Automated baseline review. AI-assisted code review can handle the baseline analysis – identifying security issues, inconsistent patterns, potential bugs, and style violations – before a human reviewer ever looks at the code. This reduces the workload on human reviewers, allowing them to focus on the architectural and design-level feedback that requires human judgement. When the automated review is thorough, the human review becomes faster and more focused, which reduces the queue depth.
Full-codebase review as a complement. Some issues – systemic patterns, cross-module inconsistencies, architectural drift – are better caught through periodic full-codebase reviews than through per-change review. Moving these findings out of the PR review process reduces the scope of each individual review, making the process faster. The full-codebase review happens on a separate cadence, with its own triage process, independent of the PR flow.
The compounding effect
Delayed code review does not just cost time in the immediate term. It compounds.

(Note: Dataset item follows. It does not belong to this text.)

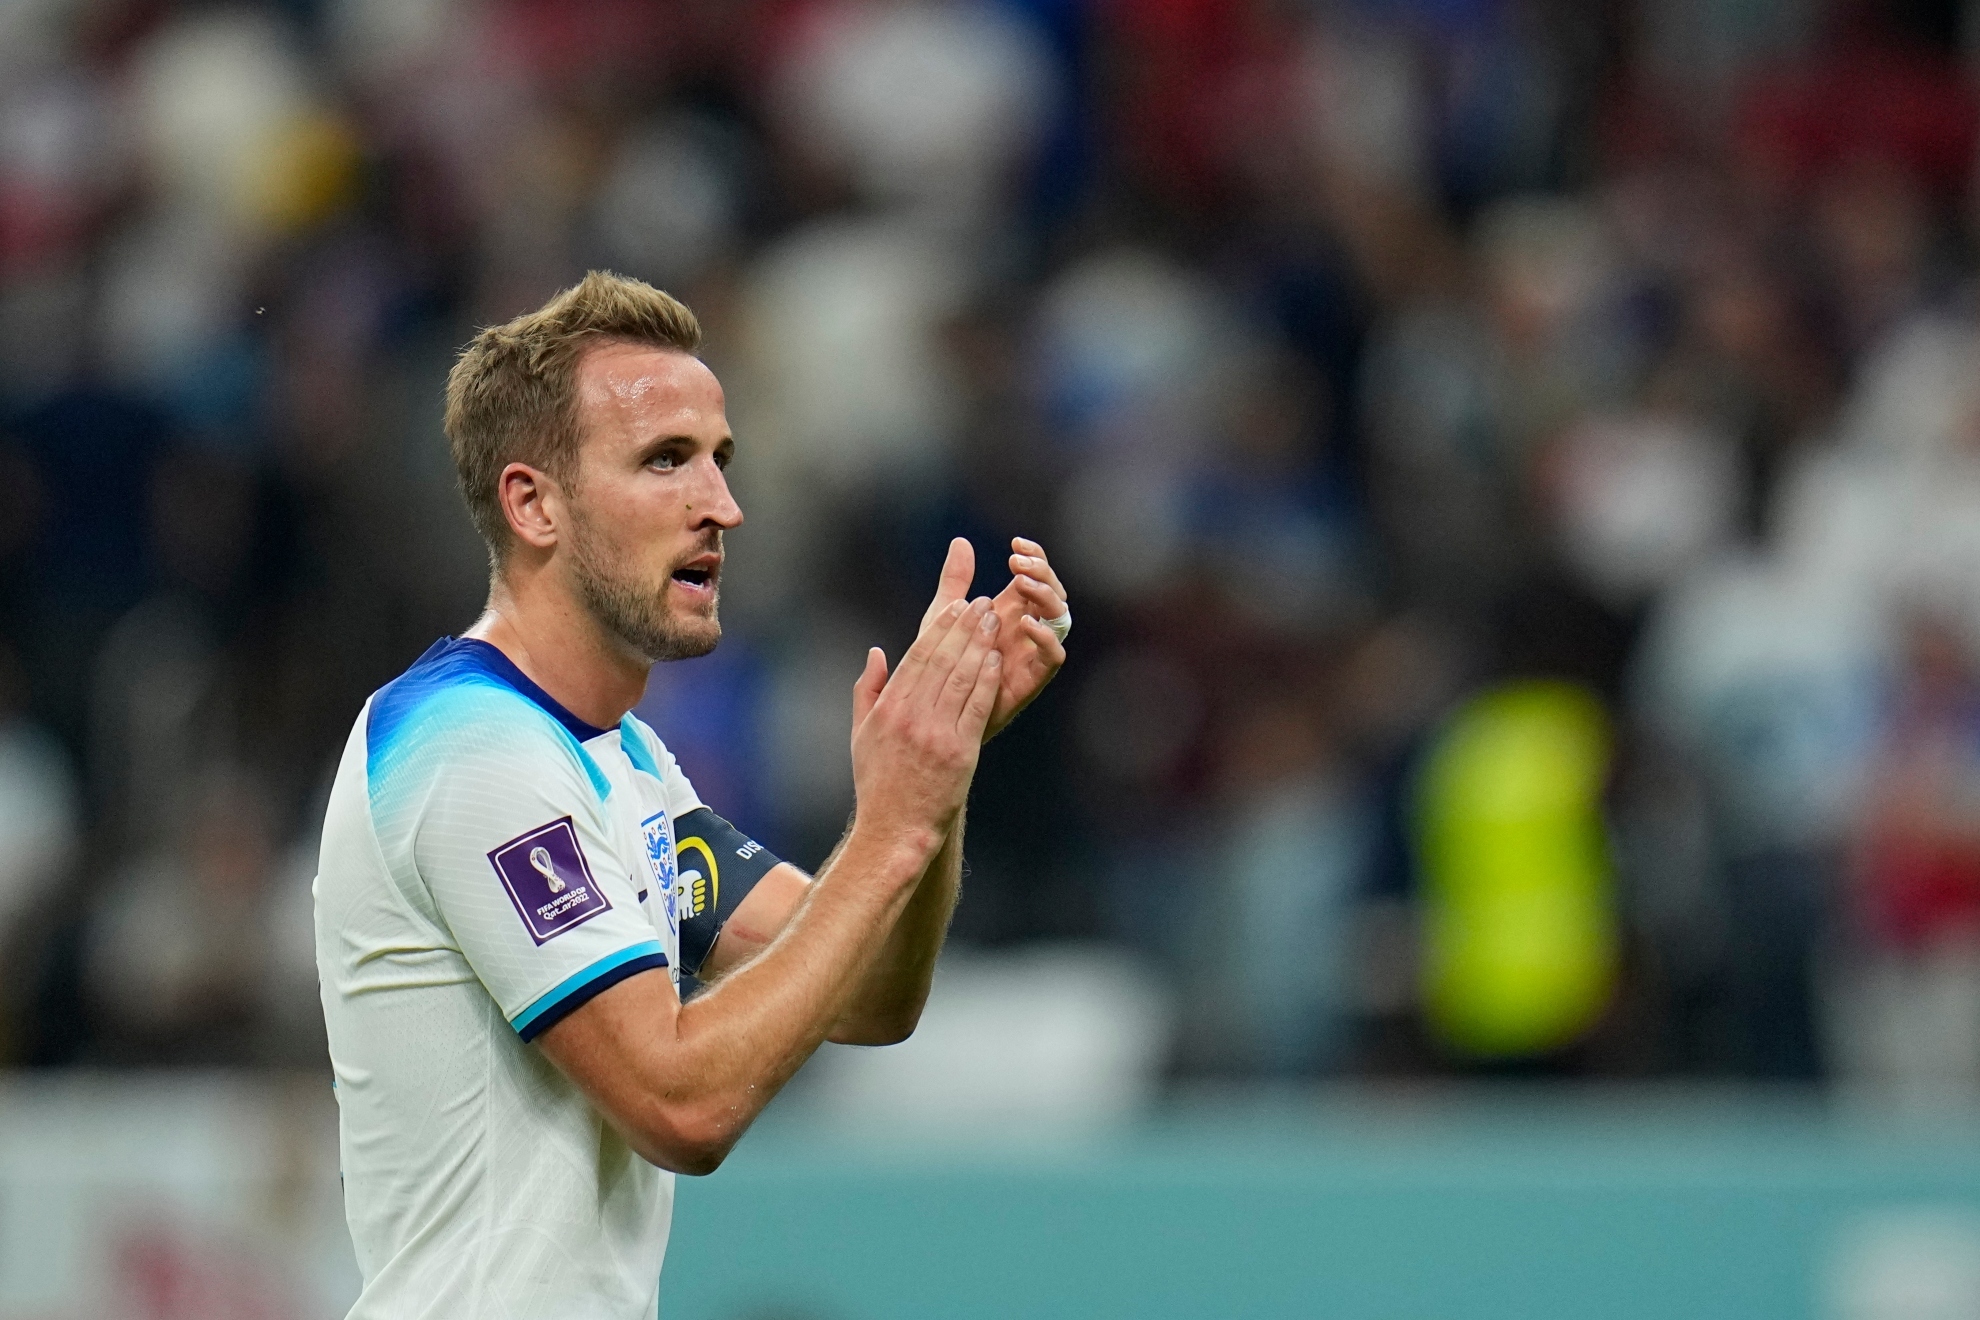 Harry Kane surprisingly says that he respects the USMNT after today's scoreless draw

Code that merges with unaddressed feedback becomes the foundation for future work. Other developers build on it. They copy its patterns. They integrate with its interfaces. By the time someone circles back to address the original review findings – if they ever do – the cost of the change has multiplied because it now affects downstream code as well.
This is how codebases accumulate structural problems. Not through deliberate decisions to ship low-quality code, but through the slow erosion of review effectiveness when feedback arrives too late to be acted upon. Each individual delay seems minor. The cumulative effect over months and years is significant.
Timely review is not a nice-to-have. It is a direct determinant of code quality outcomes. The same feedback, delivered promptly or delayed, produces fundamentally different results. Teams that treat review latency as a core metric – and invest in reducing it – consistently produce higher-quality code than teams that treat review timing as an afterthought.